At the same time, arrivals from China and Korea were up 61.5 and 33.6 per cent respectively, and Mr Hunter said both were markets which held great potential.
Tourism NZ would continue campaigns in Japan and the US, the two markets which generated the highest per-visit spend from tourists.
"Tourism NZ can't sit on its hands while you have markets of that size and yield down so much," he said.
A joint $US1 million campaign with the Australian Tourism Commission and Air New Zealand, encouraging Americans to holiday in New Zealand and Australia, would begin in January.
This was not too late to have an effect on the vital summer tourism season, Mr Hunter said, because Americans often booked holidays in January for travel in February and March.
Meanwhile Sky City's general manager of sales, Kerry Rice, said the casino and hotel complex expected to maintain its room occupancy rates above 90 per cent in February and March, by shifting its marketing focus to growing Asian markets.
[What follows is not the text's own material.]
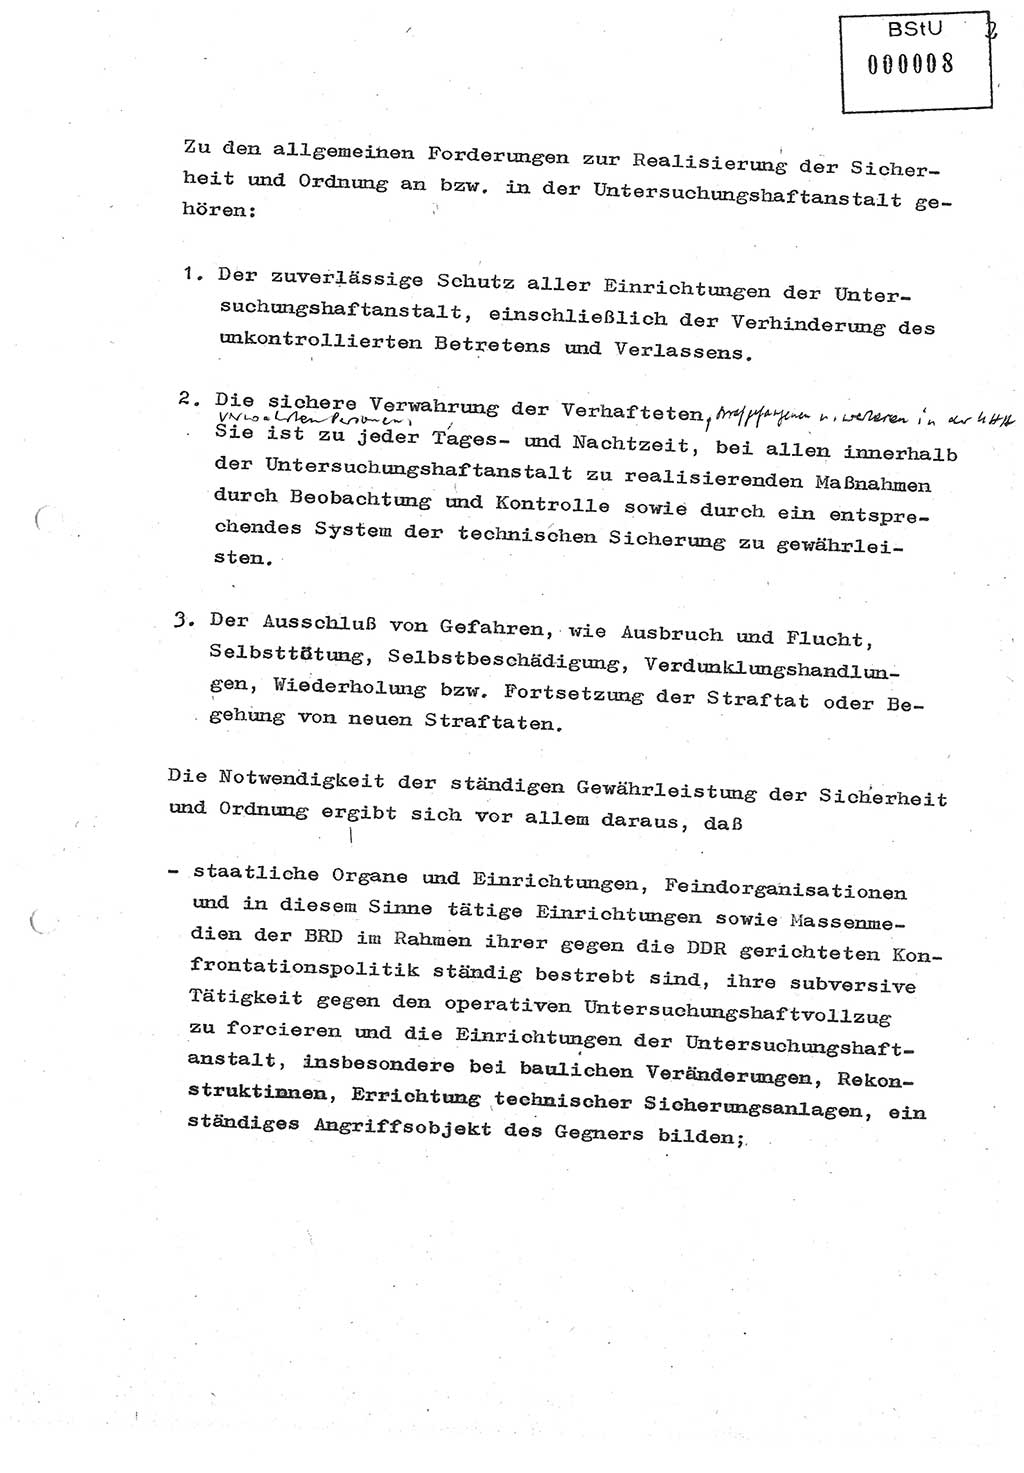 Diplomarbeit (Entwurf) Oberleutnant Peter Parke (Abt. ⅩⅣ), Ministerium für Staatssicherheit (MfS) [Deutsche Demokratische Republik (DDR)], Juristische Hochschule (JHS), Geheime Verschlußsache (GVS) o001-98/86, Potsdam 1986, Seite 8 (Dipl.-Arb. MfS DDR JHS GVS o001-98/86 1986, S. 8)
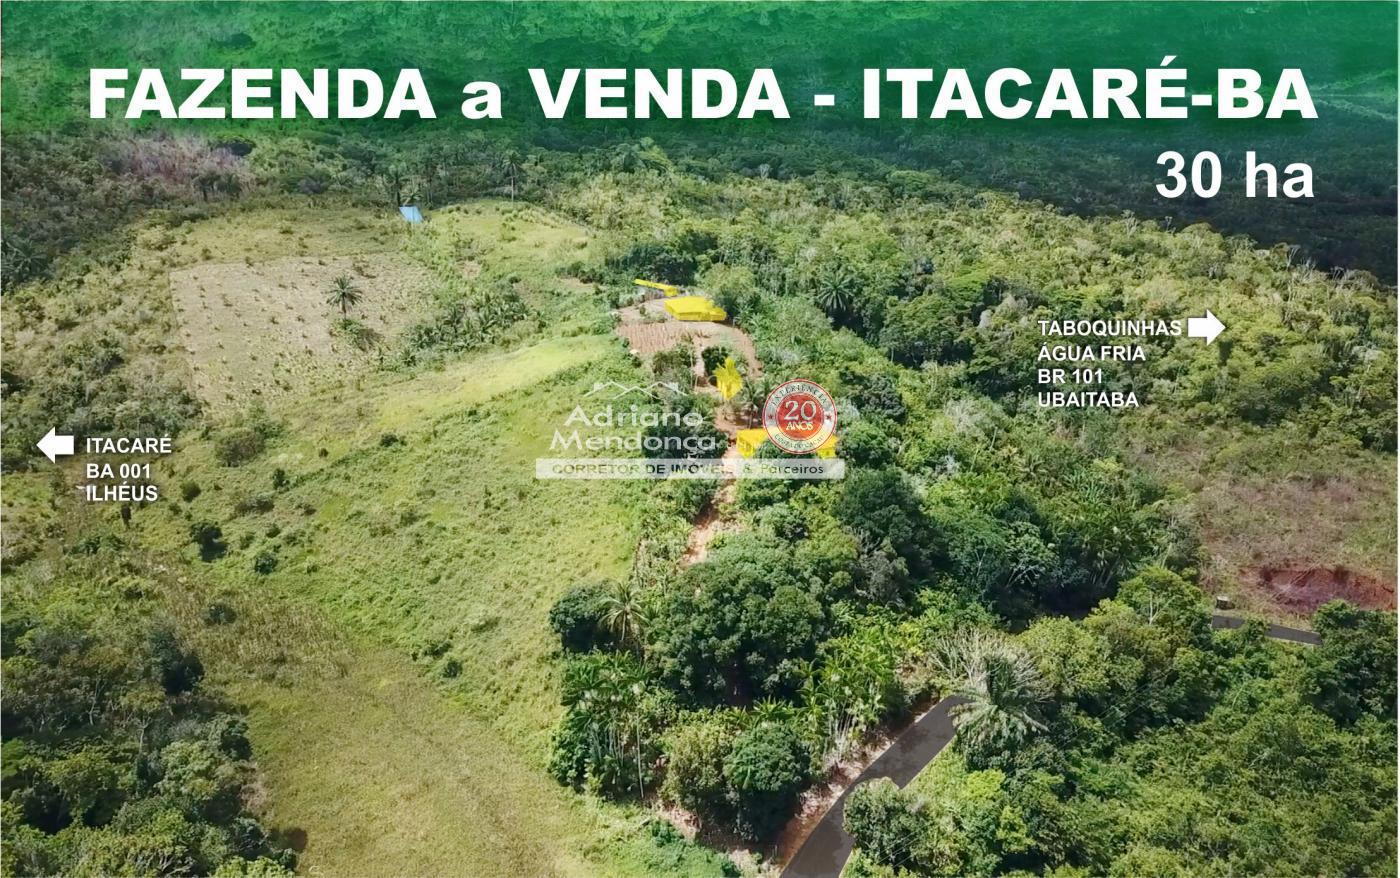 Fazenda cacau a venda Itacar Bahia

"We will continue to actively work in [the European and US] markets but while they are soft there is no point in putting all your eggs in those baskets," Mr Rice said.
"So while we continue to work on them for long-term business we also switch our focus to where we know we can get short-term business."
Mr Rice said that last March the company's central Auckland hotel was 97 per cent full and "I'm fairly confident of getting close to that [next year]. It may be a different market mix, but we will get it".